A judge’s decision breathes new life into a voyeurism case against a former drama teacher.
Lawrence Dibble, a former theatre director at the Wellington School in Upper Arlington, is accused of secretly taping his former students in states of undress.
The case dates back to 2010 but appeared all but dead, when a judge ruled evidence in the case would not be allowed.
That evidence involved tapes seized using a search warrant by Upper Arlington Police at Dibble’s home.
The case took an abrupt turn, when the same judge who ruled the tapes were inadmissible in court, now says they were obtained legally.
Franklin County Common Pleas Judge Timothy Horton ruled Tuesday, while the warrant used in the case wasn’t sufficient, the officer was acting in “good faith” and the warrant is good.
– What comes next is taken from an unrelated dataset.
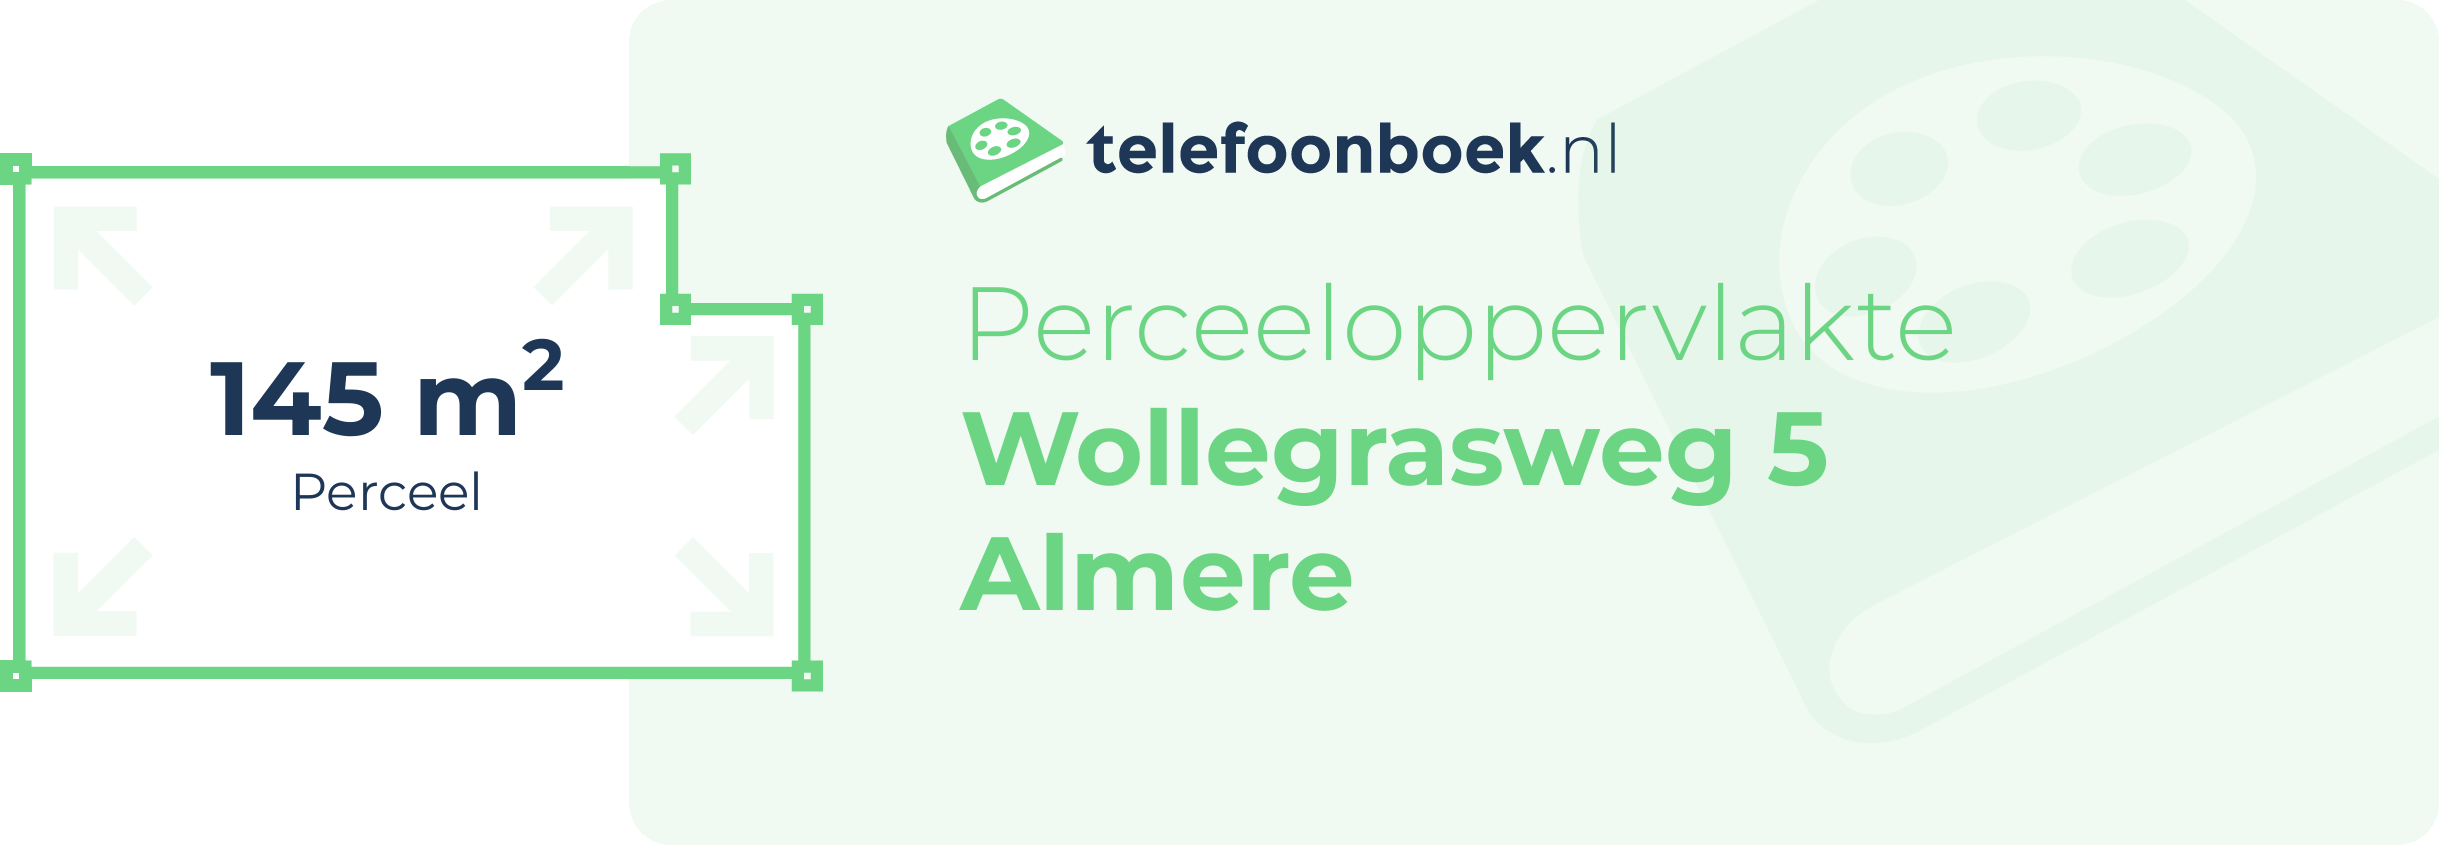 Perceeloppervlakte Wollegrasweg 5 Almere

The state appealed the judge’s first ruling to the state Supreme Court, which asked the judge to reconsider his decision.
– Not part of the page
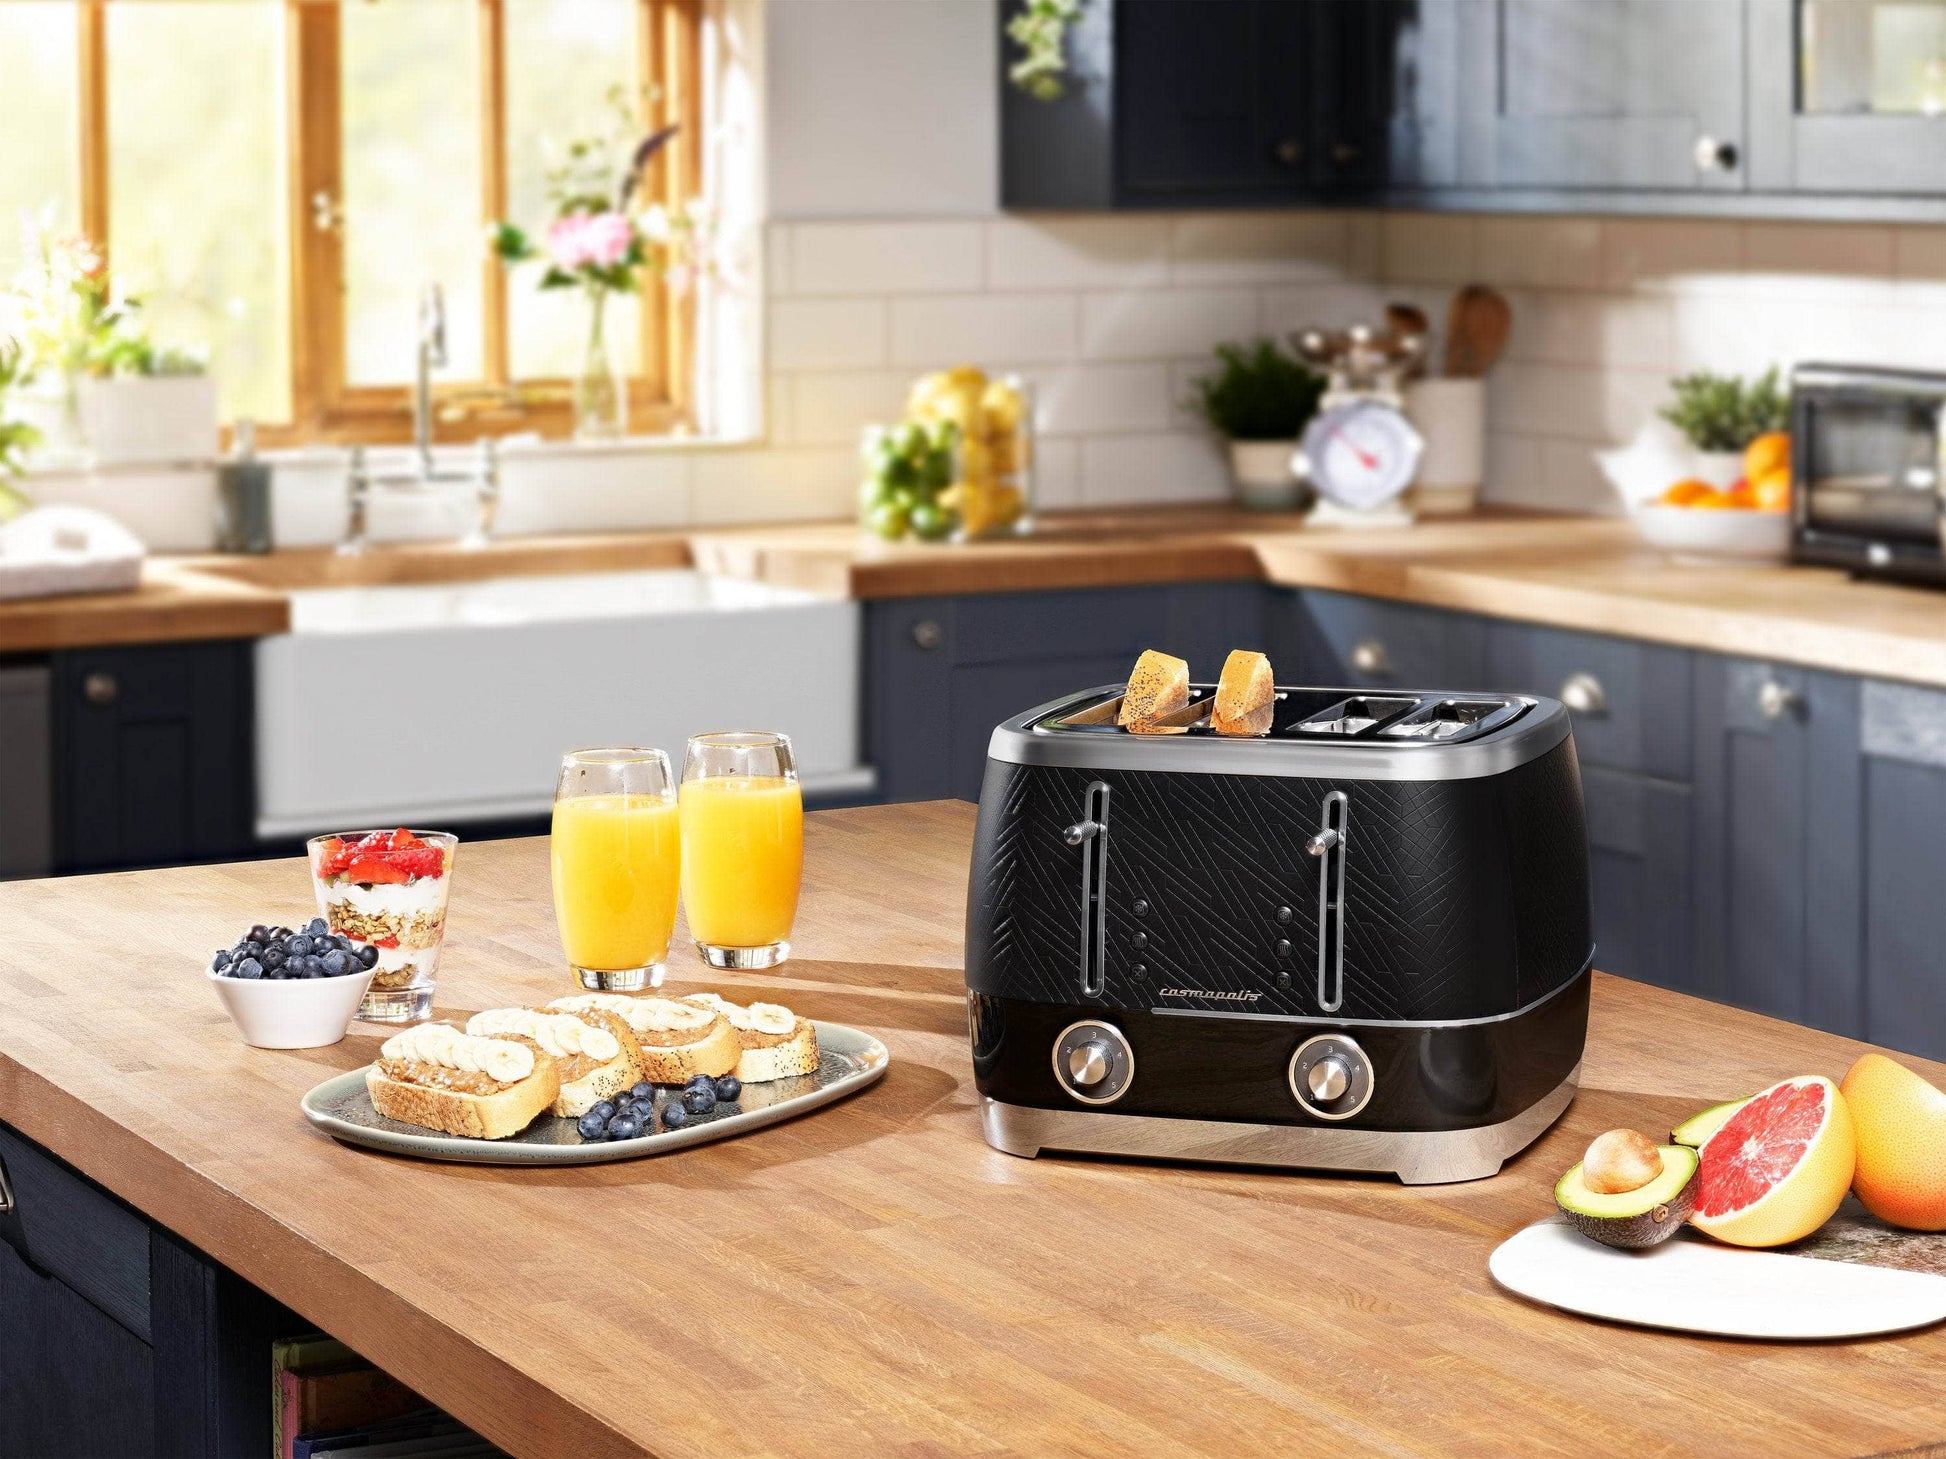 Kitchenware  -  Beko 4 Slice Toaster - Black & Chrome  -  60005230

His attorney says while he respects the judge decision, it was the wrong one, and argues his client’s 4th amendment rights were violated.
“I think the average person should be a little nervous. The 4th amendment is there for a reason the cops just can't walk into your house unless they prove a crime has been committed or that there is evidence of a crime in there in this case,” said Chris Brown, Dibble’s attorney.
Franklin County Prosecutor Ron O’Brien said the judge’s ruling is rare.
“He should be commended for looking at it, because it’s difficult for a public official, and particularly a judge, to take a second view and reach a different conclusion, said O’Brien.
O’Brien says without the tapes, the case could not go forward.
A trial date is expected to be decided by the end of this week.